Neurobiology of Aging | 2009

Pattern of Tau forms in CSF is altered in progressive supranuclear palsy

Barbara Borroni; Fabrizio Gardoni; Lucilla Parnetti; L. Magno; Matteo Malinverno; E. Saggese; Paolo Calabresi; Maria Grazia Spillantini; Alessandro Padovani; M. Di Luca

Cerebrospinal fluid (CSF) total Tau levels vary widely in neurodegenerative disorders, thus being not useful in their discrimination over Alzheimer disease. No CSF marker for progressive supranuclear palsy (PSP) is currently available. The aim of this study was to characterise and measure Tau forms in order to verify the differential patterns among neurodegenerative disorders. Seventy-eight patients with neurodegenerative disorders and 26 controls were included in the study. Each patient underwent a standardised clinical and neuropsychological evaluation, MRI, and CSF total-Tau and phospho-Tau dosage. In CSF and cerebral cortex, a quantitative immunoprecipitation was developed. An extended (55 kDa), and a truncated (33 kDa) forms of Tau were recognised. CSF samples were assayed, the optical density of the two Tau forms was measured, and the ratio calculated (Tau ratio, 33 kDa/55 kDa forms). Tau ratio 33 kDa/55 kDa was significantly decreased in patients with PSP (0.46+/-0.16) when compared to controls, including healthy subjects (1.16+/-0.46, P=0.002) and Alzheimer disease (1.38+/-0.68, P<0.001), and when compared to frontotemporal dementia (0.98+/-0.30, P=0.008) or corticobasal degeneration syndrome (0.98+/-0.48, P=0.02).

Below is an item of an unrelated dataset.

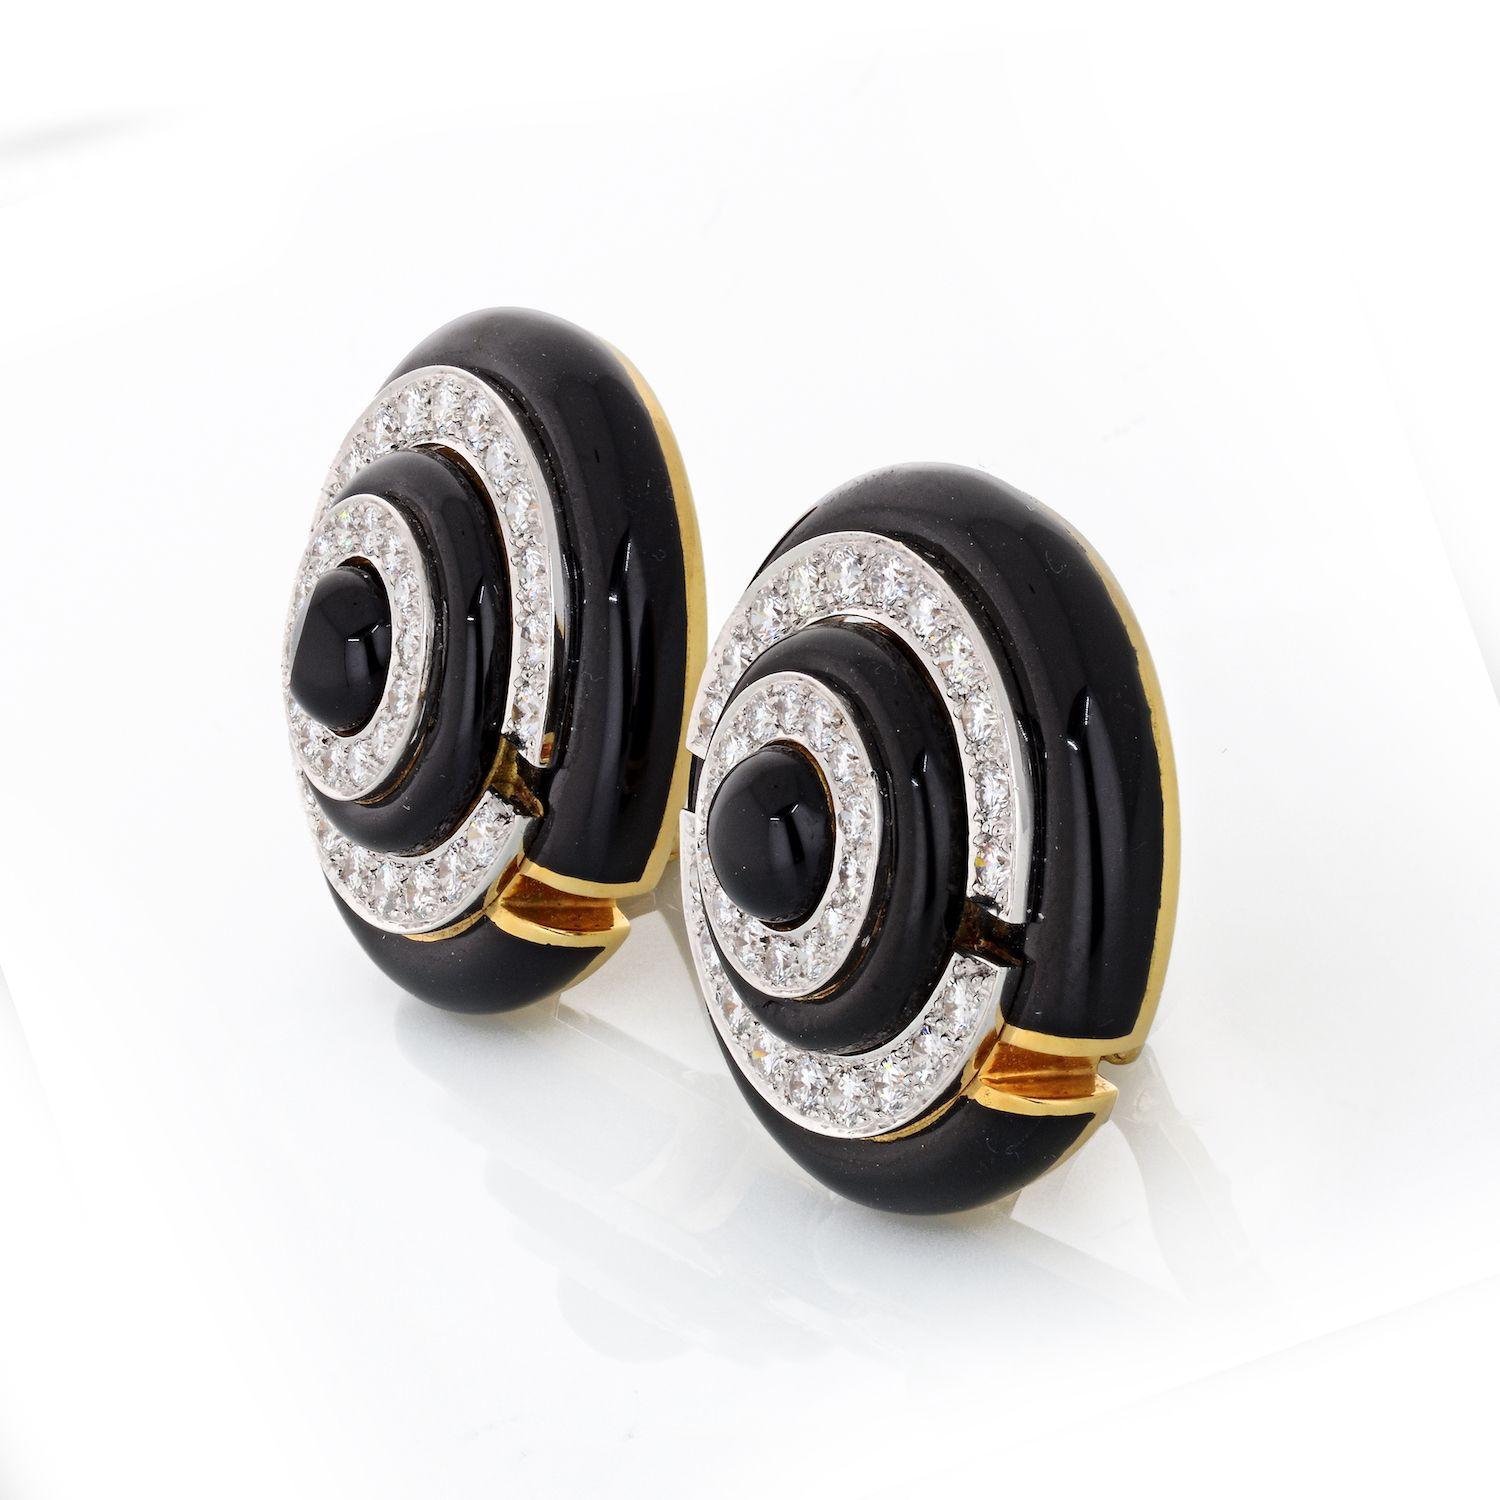 The slightly domed earrings centering upon three diamond separated by black enamel stripes, framed by black enamel, in 18K gold and platinum. Dsigned in a circle shape these earrings look chic and sophisticated. Color combination of black and white

Moreover, in PSP patients Tau form ratio was lower than in other neurodegenerative extrapyramidal disorders, such as Parkinson disease (1.16+/-0.26, P=0.002) and dementia with lewy bodies (1.44+/-0.48, P<0.001). Tau ratio 33 kDa/55 kDa did not correlate either with demographic characteristics, cognitive performances or with motor impairment severity. Truncated Tau production shows a different pattern in PSP compared to other neurodegenerative disorders, supporting the view of disease-specific pathological pathways. These findings are promising in suggesting the identification of a marker for PSP diagnosis in clinical practice.